You might also want to do the following :

Check for duplicates Data
Make sure only HD|BY|PD|LP|TD are used
Remove $text = trim($text) so that the new lines would be preserved in the text

answered Aug 25, 2013 at 20:47

Baba

95.3k29 gold badges172 silver badges222 bronze badges

1 Comment

Gadoma Over a year ago

this one is very clean and elegant, I'd propose something similar myself :) cheers

hek2mgl · Accepted Answer · 2013-08-23 15:56:58Z

If it's just one record per file, here you go:

$record = array();
foreach(file('input.txt') as $line) {
    if(preg_match('~^(HD|BY|PD|LP|TD) ?(.*)?$~', $line, $matches)) {
        $currentKey = $matches[1];
        $record[$currentKey] = $matches[2];
    } else {
        $record[$currentKey] .= str_replace("\n", ' ', $line);
    }   
}

The code iterates over each line of input and checks whether the line starts with an identifier. If so, currentKey is set to this identifier. All following content unless a new identifier was found will be added to this key in the array after new lines have been removed.

var_dump($record);

Output:

array(5) {
  'HD' =>
  string(42) "Alcoa Earnings Soar; Outlook Stays Upbeat "
  'BY' =>
  string(36) "By James R. Hagerty and Matthew Day "
  'PD' =>
  string(12) "12 July 2011"
  'LP' =>
  string(169) " Alcoa Inc.'s profit more than doubled in the second quarter. The giant aluminum producer managed to meet analysts' forecasts.  However, profits wereless than expected  "
  'TD' =>
  string(58) "Licence this article via our website:  http://example.com "
}

Note: If there are multiple records per file, you can refine the parser to return an multidimensional array:

$records = array();
foreach(file('input.txt') as $line) {
    if(preg_match('~^(HD|BY|PD|LP|TD) ?(.*)?$~', $line, $matches)) {
        $currentKey = $matches[1];

        // start a new record if `HD` was found.
        if($currentKey === 'HD') {
            if(is_array($record)) {
                $records []= $record;
            }
            $record = array();
        }
        $record[$currentKey] = $matches[2];
    } else {
        $record[$currentKey] .= str_replace("\n", ' ', $line);
    }   
}

However the data format itself looks fragile to me. What if LP looks like this:

LP dfks ldsfjksdjlf
lkdsjflk dsfjksld..
HD defsdf sdf sd....

You see, there is a HD in the data of LP in my example. In order to keep data parseable you'll have to avoid such situations.

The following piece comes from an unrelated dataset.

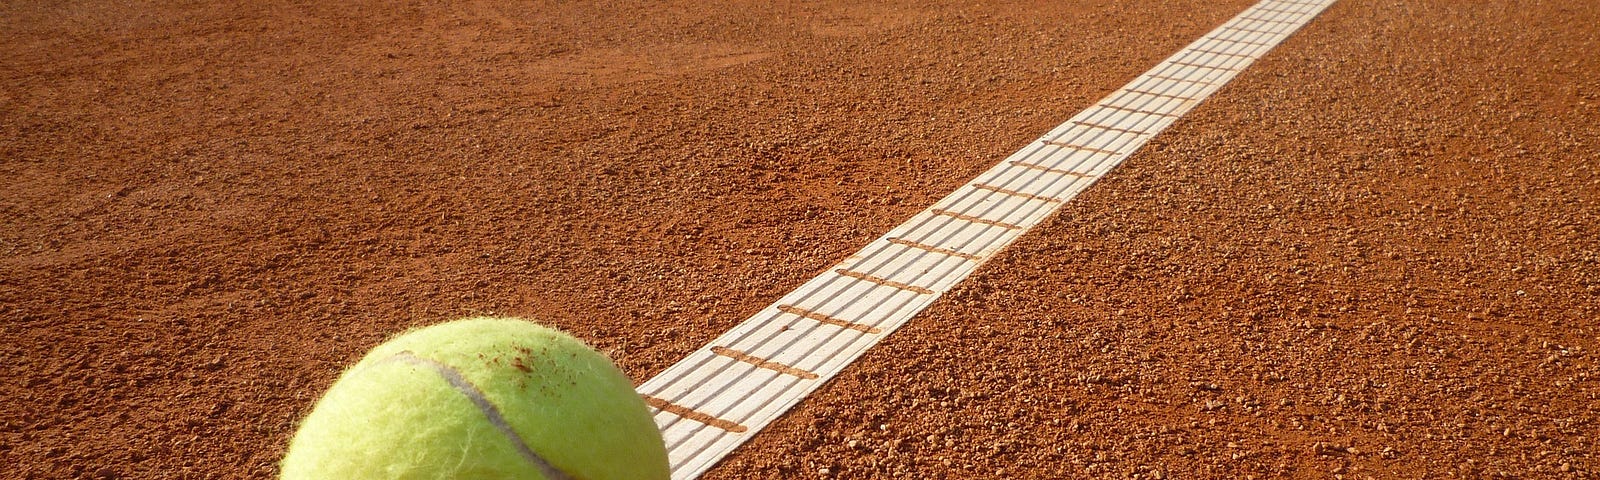 Brown ground of a tennis court with a white boundary line. A yellow tennis ball sits on the white boundary line.

Emo Mosley · Accepted Answer · 2013-08-29 17:11:00Z

5

UPDATE :

Given the posted example input file and code, I've altered my answer. I've added the OP's provided "parts" that define the section codes and make the function able to handle 2-or-more-digit codes. Below is a non-regex procedural function that should produce the desired results:

# Parses the given text file and populates an array with coded sections.
# INPUT:
#   filename = (string) path and filename to text file to parse
# RETURNS: (assoc array)
#   null is returned if there was a file error or no data was found
#   otherwise an associated array of the field sections is returned
function getSections($parts, $lines) {
   $sections = array();
   $code = "";
   $str = "";
   # examine each line to build section array
   for($i=0; $i<sizeof($lines); $i++) {
      $line = trim($lines[$i]);
      # check for special field codes
      $words = explode(' ', $line, 2);
      $left = $words[0];
      #echo "DEBUG: left[$left]\n";
      if(in_array($left, $parts)) {
         # field code detected; first, finish previous section, if exists
         if($code) {
            # store the previous section
            $sections[$code] = trim($str);
         }
         # begin to process new section
         $code = $left;
         $str = trim(substr($line, strlen($code)));
      } else if($code && $line) {
         # keep a running string of section content
         $str .= " ".$line;
      }
   } # for i
   # check for no data
   if(!$code)
      return(null);
   # store the last section and return results
   $sections[$code] = trim($str);
   return($sections);
} # getSections()


$parts = array('HD', 'BY', 'WC', 'PD', 'SN', 'SC', 'PG', 'LA', 'CY', 'LP', 'TD', 'CO', 'IN', 'NS', 'RE', 'IPC', 'PUB', 'AN');

$datafile = $argv[1]; # NOTE: I happen to be testing this from command-line
# load file as array of lines
$lines = file($datafile);
if($lines === false)
   die("ERROR: unable to open file ".$datafile."\n");
$data = getSections($parts, $lines);
echo "Results from ".$datafile.":\n";
if($data)
   print_r($data);
else
   echo "ERROR: no data detected in ".$datafile."\n";

Results:

Array
(   
    [HD] => Alcoa Earnings Soar; Outlook Stays Upbeat
    [BY] => By James R. Hagerty and Matthew Day
    [PD] => 12 July 2011
    [LP] => Alcoa Inc.'s profit more than doubled in the second quarter. The giant aluminum producer managed to meet analysts' forecasts. However, profits wereless than expected
    [TD] => Licence this article via our website: http://example.com
)

edited Aug 29, 2013 at 17:11

answered Aug 23, 2013 at 15:47

Emo Mosley

5353 silver badges9 bronze badges

3 Comments

Emo Mosley Over a year ago

@Pr0no - I've improved my answer; I hope it meets you needs.

Gnudiff Over a year ago

This seems to be the most concise answer so far submitted, however, OP should be warned that, as hek2mgl suggested, the data format itself(unless clearly specified somewhere to avoid) can lead to ambiguity. No better answer seems currently possible without more info on data format.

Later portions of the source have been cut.